In [1]:
import numpy as np
import pandas as pd

In [2]:
# Import the data
train = pd.read_csv('../data/train.csv')
test = pd.read_csv('../data/test.csv')
stores = pd.read_csv('../data/stores.csv')
transactions = pd.read_csv('../data/transactions.csv')
oil = pd.read_csv('../data/oil.csv')
holidays = pd.read_csv('../data/holidays_events.csv')

# Dictionary for all datasets
datasets = {'train':train, 'test':test, 'stores':stores, 'transactions':transactions, 'oil':oil, 'holidays':holidays}

# Cleaning

### Standarizing dates

We convert any dates in the datasets to pandas Timestamps.

In [3]:
for df in iter(datasets.values()):
    if 'date' in df.columns:
        df['date'] = pd.to_datetime( df['date'] )

### Training Set

We drop the `id` column from the training set. The preliminary analysis proved this is just a redundant row indexer.

In [4]:
train = train.drop('id',axis=1)

### Oil Dataset

The preliminary analysis shows 43 missing daily oil price values and missing weekend oil price values. 

We add the weekend days first as more null values, then interpolate 

Also, the oil price for the very first day (2013-01-01) is missing. We can manually add that here using the oil prices from 2012-12-31 and 2013-01-02 from (https://fred.stlouisfed.org/data/DCOILWTICO).
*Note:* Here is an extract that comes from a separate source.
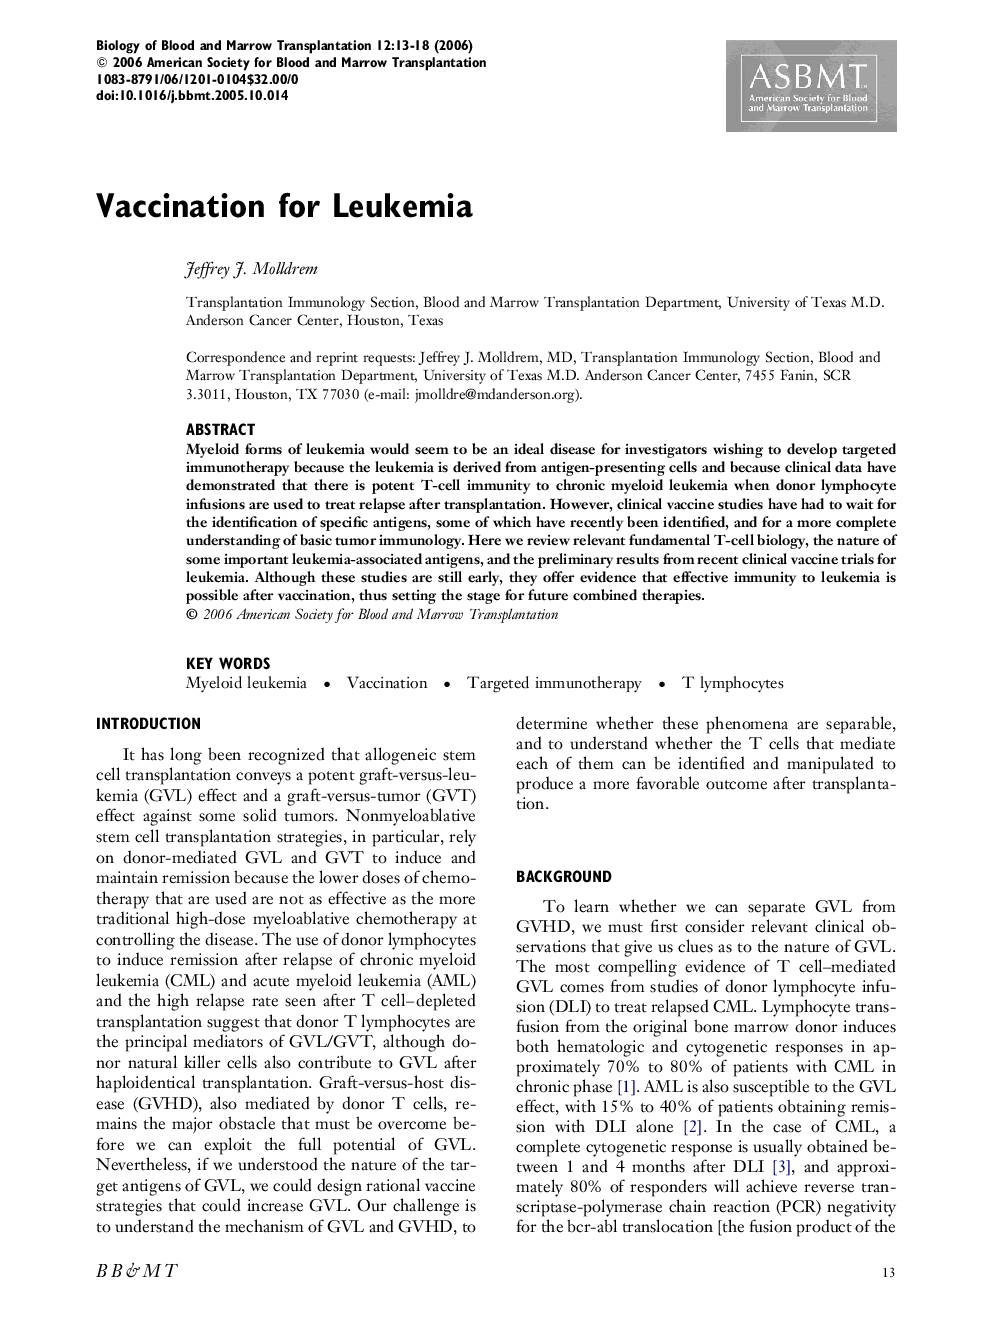 Vaccination for Leukemia

We separately verified that is safe to do, since these oil prices match the ones in the oil dataset.

In [5]:
# Manually add oil price for the first day using average of 2012-12-31 and 2013-01-02 oil prices
oil.iloc[0,1] = 92.485                                  

In [6]:
# Create DataFrame with all dates in desired range, including weekends
dates = pd.DataFrame(pd.date_range(start='1/1/2013', end='8/31/2017',freq='D'), columns=['date'])
# Merge with oil data set, so that weekend dates are added to oil with null values
oil = dates.merge(oil,how='left', on='date')
# Interpolate all missing values in oil (all but possibly one of the gaps are of size 1,2, or 3)
oil['dcoilwtico'] = oil['dcoilwtico'].interpolate()

### Holiday Dataset

From the preliminary analysis, two transferred holidays need their description updated so that all tranfer holidays have consistent formatting.

In [7]:
holidays.loc[304,'description'] = 'Traslado Fundacion de Cuenca'
holidays.loc[329, 'description'] = 'Traslado Fundacion de Ibarra'

There were also a couple mislabelled Additional Holidays, and one that should be deleted for redundancy.

In [8]:
holidays.loc[264]

date                2016-07-24 00:00:00
type                         Additional
locale                            Local
locale_name                   Guayaquil
description    Fundacion de Guayaquil-1
transferred                       False
Name: 264, dtype: object

In [9]:
holidays.loc[182,'type'] = 'Additional'
holidays.loc[322,'type'] = 'Holiday'
holidays = holidays.drop(264, axis=0)

# Merging

We first inner join the store and transaction data along the `store_nbr` column.

This guarantees no duplicates or new null values.

In [10]:
# Merge stores with transactions on date and store_nbr
X = stores.merge(transactions, how='inner', on='store_nbr')
X = X.sort_values(by=['date','store_nbr'],axis=0).reset_index(drop=True)
X = X[['date','store_nbr','type','cluster','city','state','transactions']]

Before merging more data, we break down the `date` column into year, month, week, day, and day of week.

In [11]:
X = X.assign(**{'year': pd.Series( [X.date[i].year for i in X.index]), 
            'month': pd.Series( [X.date[i].month for i in X.index]), 
            'week_number': pd.Series( [X.date[i].week for i in X.index]), 
            'day':pd.Series( [X.date[i].day for i in X.index]), 
            'day_of_week': pd.Series( [X.date[i].dayofweek for i in X.index]) })
X = X[['date','year', 'month', 'week_number', 'day', 'day_of_week','store_nbr','type','cluster','city','state','transactions']]

Next, we inner join oil prices along the `date` column.

Since there is one oil price per date and we filled null values in oil, this won't give duplicates or new null values.

In [12]:
X = X.merge(oil, how='left', on='date')
X = X.sort_values(by=['date','store_nbr'],axis=0).reset_index(drop=True)

Here we join the holiday data,

In [13]:
# to be determined

Finally, we inner join our training data along both `date` and `store_nbr`.

In [14]:
X = X.merge(train, how='inner', on=['date','store_nbr'])

In [15]:
X.to_csv("../data/merged_train.csv", index = False)